Поразительно то, что отвечает ему Фадеев 27 февраля 1948 года:
Книгу Есенина придется из избранной серии снять.
Ты можешь просмотреть по тексту, пока <некоторое> количество стихов невозможно издать сегодня массовыми тиражами в избранной серии, — я все их отметил. Другие нуждаются в купюрах. В результате получается куцый Есенин, т. е. даже вовсе не Есенин, — издавать его таким было бы извращением истины об Есенине, а поэтически — просто безбожно.
Это свое мнение я доложу секретариату, и думаю, секретариат согласится. Прошу захватить с собой на секретариат верстку с моими пометками[168].

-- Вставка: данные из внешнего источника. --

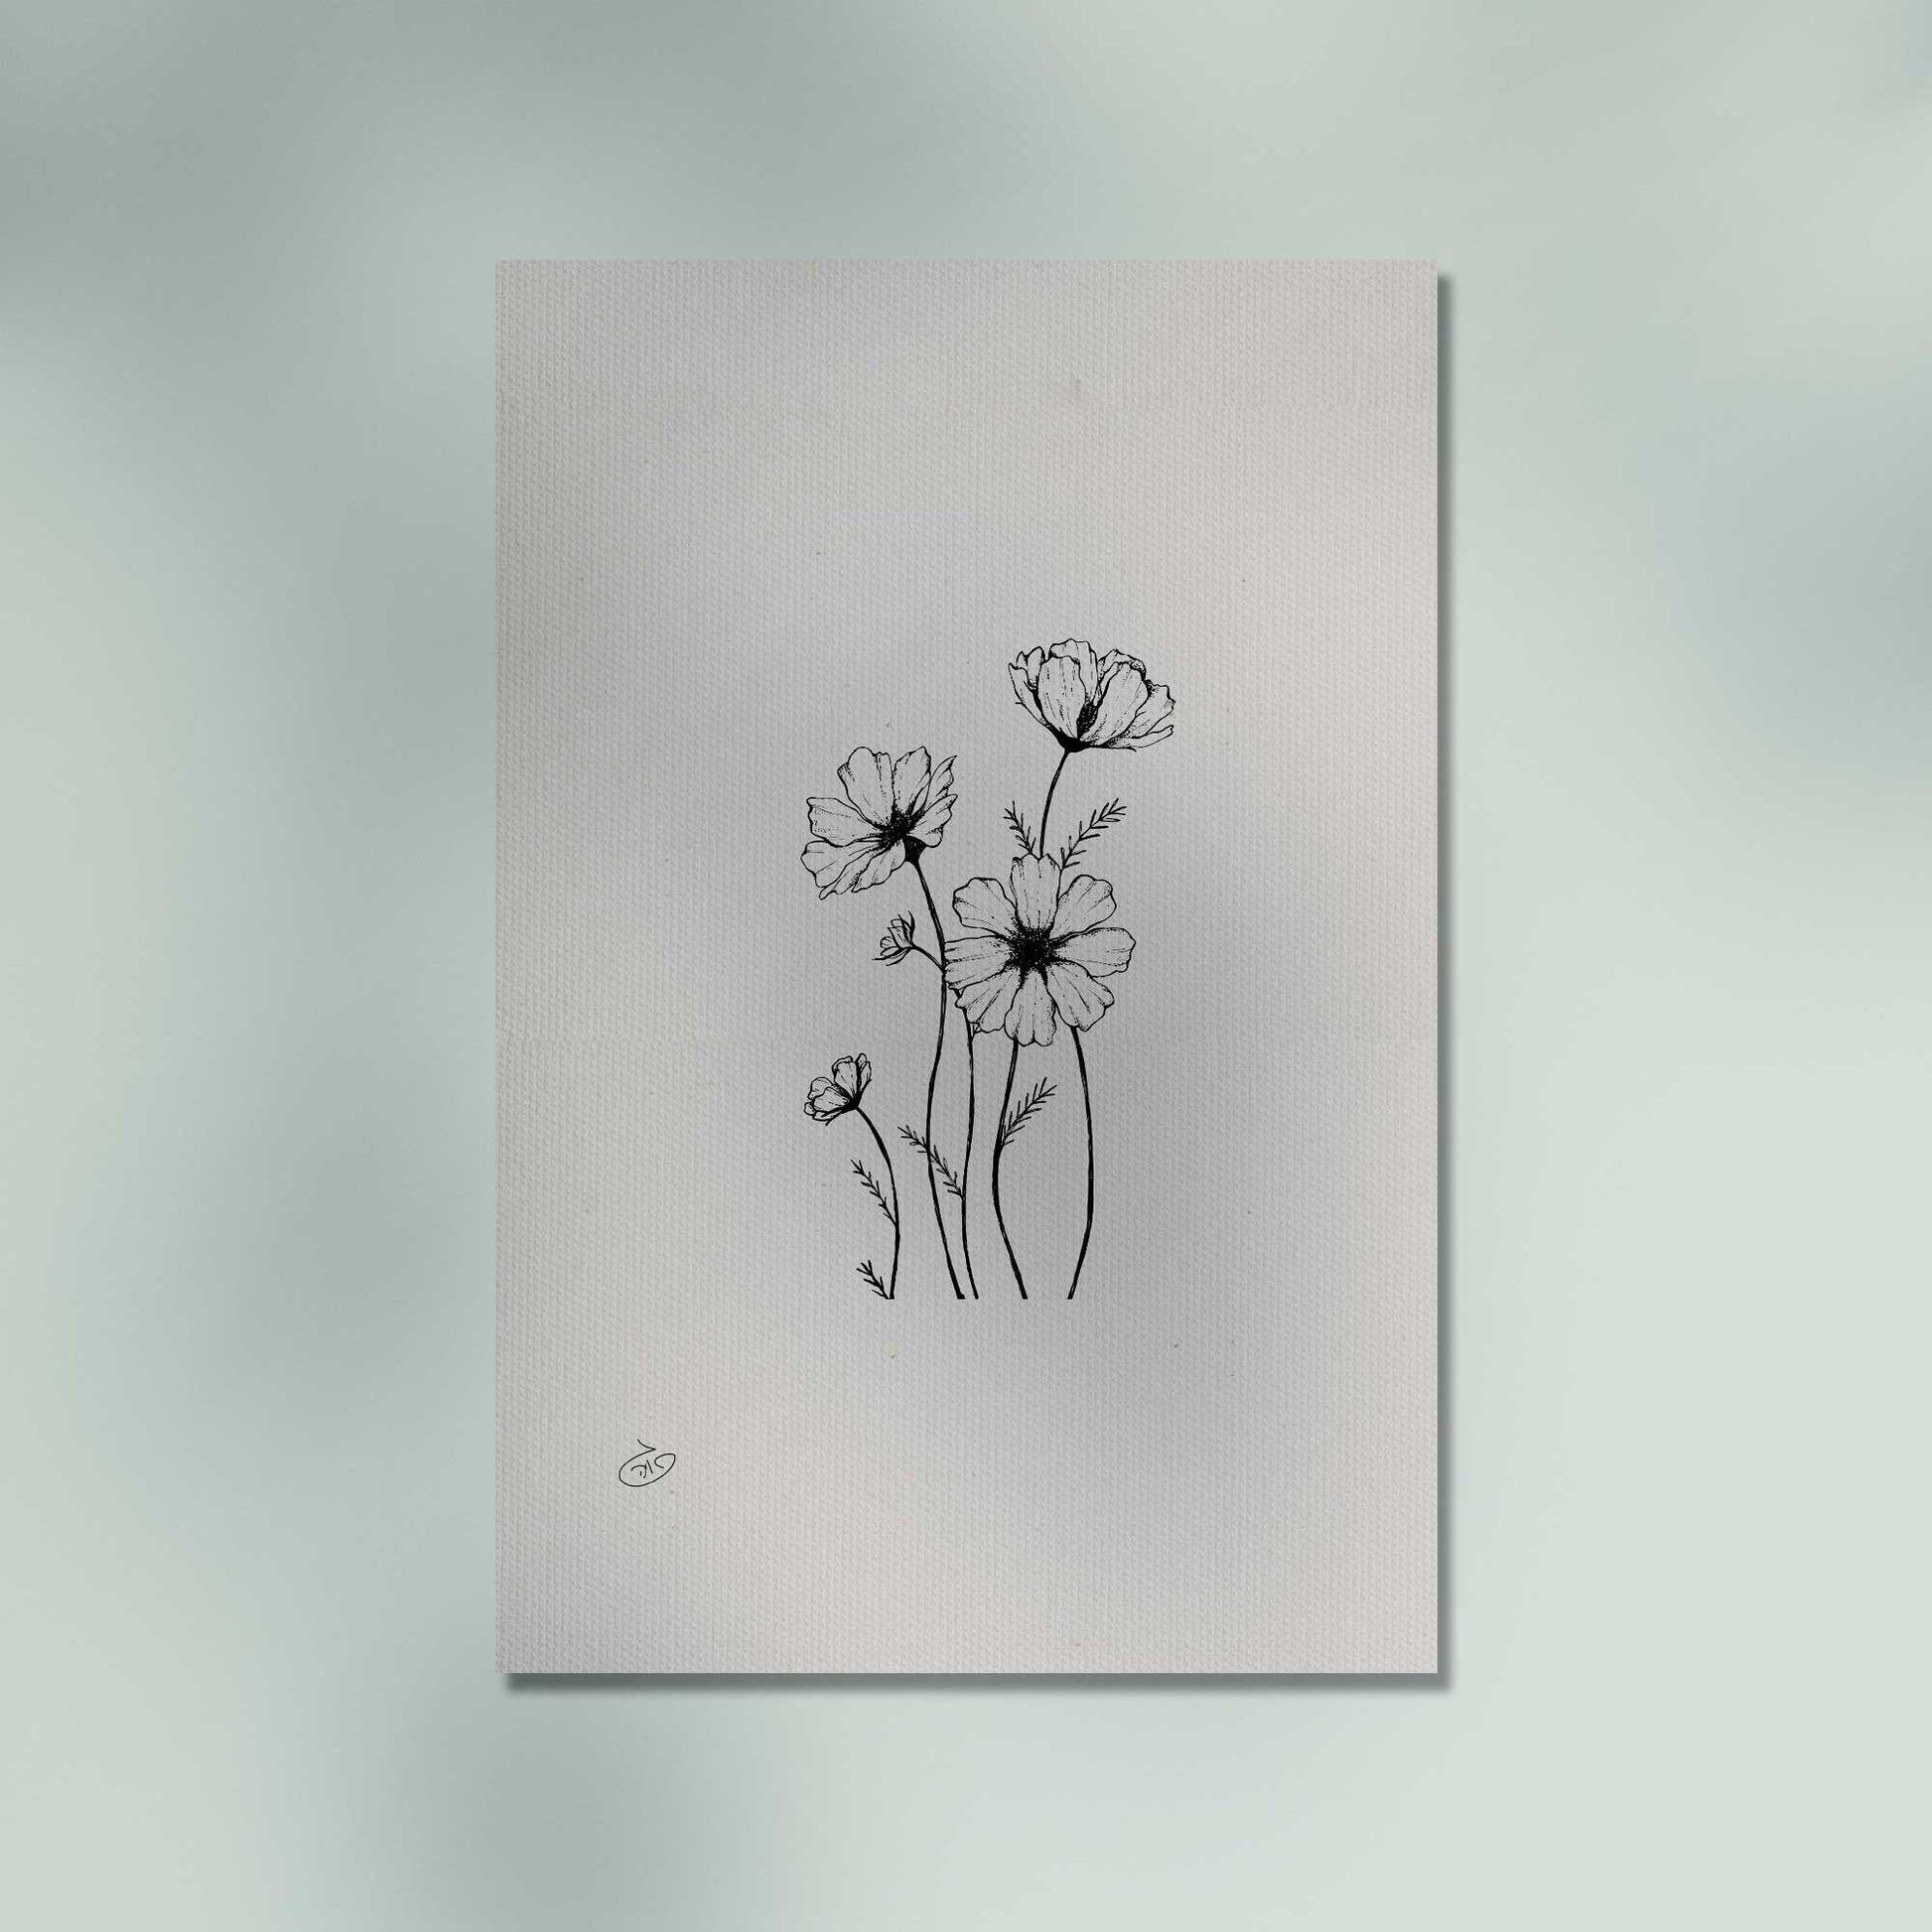 פוסטר Valentina Flowers Poster ציור מקורי של גאיה המקדם את המודעות לאלימות בין בני זוג בכלל וכלפי נשים בפרט

Смешалось все: и взаимное вполне культурное понимание того, что книга нужна, и политическая конъюнктура, и вместе с тем мысль — лучше вообще не издавать. Хотя бы тут была своя честность.
Нависшая тьма
Голодный послевоенный год. Денежная реформа и отмена карточек. И вот открылись магазины, наполненные товарами. На прилавках появились продукты, стали возникать кафе, закусочные. Однако цены таковы, что очередей не было.
Женщины мечтали о новой одежде. Все довоенные перелицованные и перешитые вещи были давно выношены. Правда, теперь в комиссионных появились трофейные ткани, одежда, которую подгоняли под себя. Образ моды возникал из трофейных же фильмов, с «проклятого Запада»: кино стало окном в сказочный мир. Звезды Дина Дурбин с аккуратно выложенными кудряшками, Марика Рекк со взбитыми локонами — все эти знаменитые кинодивы определяли вкусы советских женщин. Их яркие нарисованные губы отпечатались на послевоенных фотографиях, как и само время, которое невозможно спутать с каким-нибудь другим.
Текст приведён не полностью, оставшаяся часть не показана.